During World War I the force became involved with federal offenses, and much of the force was organized into a special Home Guard. In 1918 the department closed the Los Angeles Municipal Inebriate Farm, an alcohol treatment program created as an alternative approach to incarceration for chronic drunks, and created the War Squad to track spies and labor agitators. In the postwar period, the department became highly corrupt along with much of the city government; this state lasted until the late 1930s. Two police chiefs did work within a mandate for anti-corruption and reform. August Vollmer laid the ground for future improvements but served for only a single year. James E. Davis served from April 1, 1926 to December 29, 1929 and from August 10, 1933 to November 18, 1938. In his first term he fired almost a fifth of the force for bad conduct, and instituted extended firearms training and also the dragnet system of policing. In his second term Davis instituted a "LAPD Red Squad" to attack Communists and their offices; key figures in Davis' "spy squad" included Red Hynes, Luke Lane, and Earl Kynette.

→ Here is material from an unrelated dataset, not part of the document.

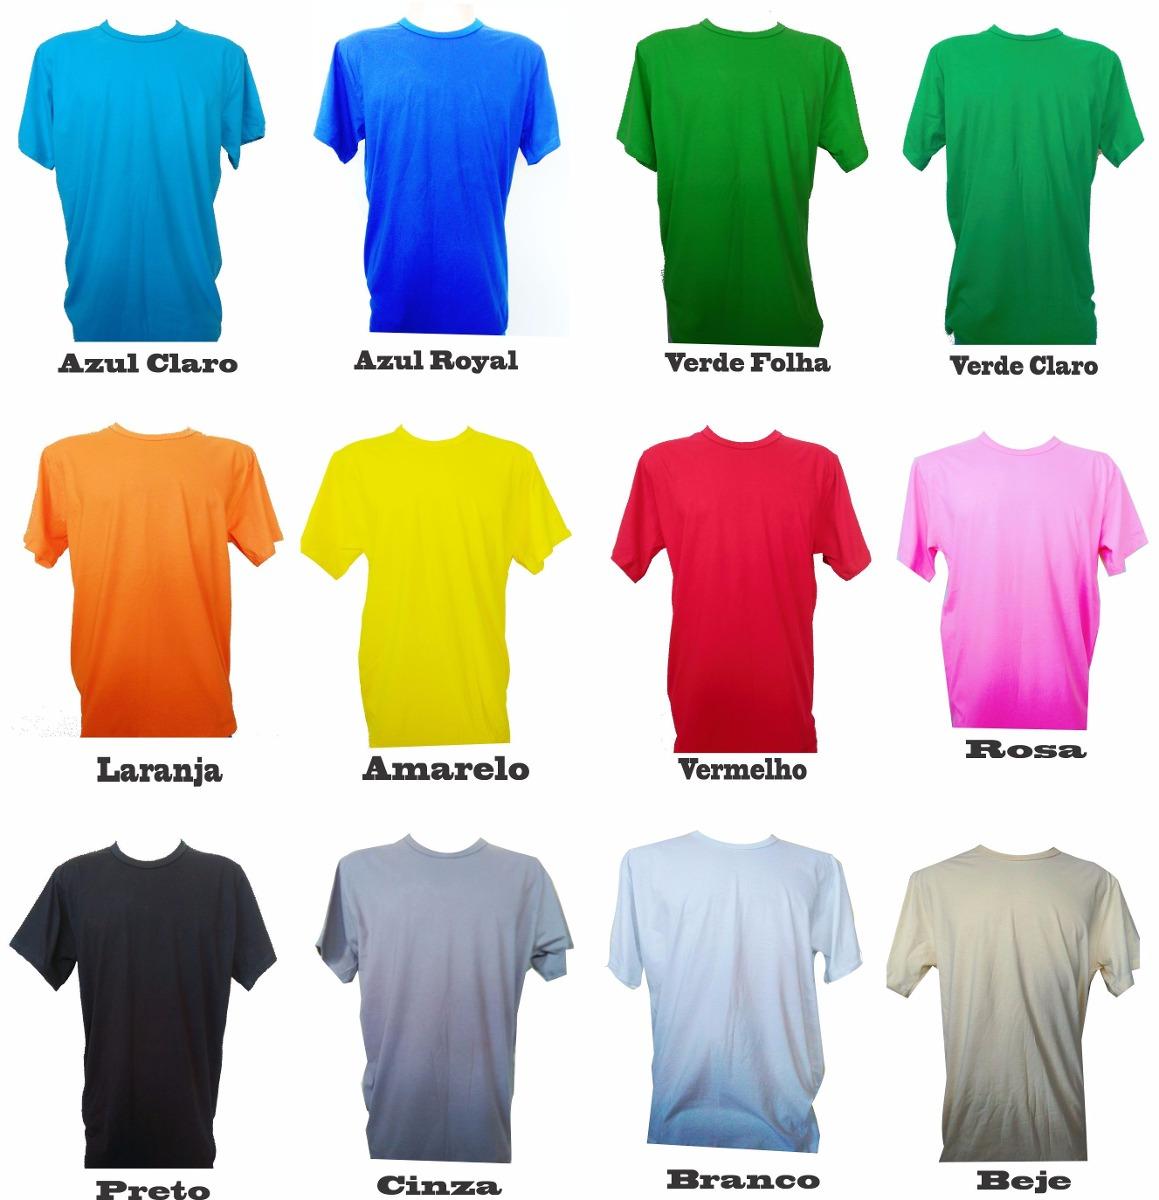 Kit 10 Camisas Lisa Malha 30 100% Algodão - Atacado Colorida - R ... f7eaeb3c5a8

In 1924, the Los Angeles Police Academy was established to train officers of the LAPD and other agencies in the region; prior to the academy's opening, officers were not trained. The shooting events of the 1932 Summer Olympics were held at the academy. The actual academy structure was built in 1935, and its first class of officers graduated in 1936.

With the replacement of Mayor Frank L. Shaw in 1938, the city gained a reformist mayor in Fletcher Bowron. He forced dozens of city commissioners out, as well as more than 45 LAPD officers. Bowron also appointed the first African American and the first woman to the Police Commission. The modernizer Arthur C. Hohmann was made chief in 1939 and resigned in 1941 after a strike at the North American Aviation plant in Inglewood, in which he refused to use the LAPD as strikebreakers.

During World War II, under Police Chief Clemence B. Horrall, the force was heavily depleted by the demands of the armed forces; new recruits were given only six weeks training (twelve was normal). Despite the attempts to maintain numbers the police could do little to control the 1943 Zoot Suit Riots. War Emergency personnel were given a "WE" designation with their badge numbers to distinguish them from other officers.

Among the department's more notorious cases of the Horrall years was the January 15, 1947 murder of Elizabeth Short, known as the Black Dahlia.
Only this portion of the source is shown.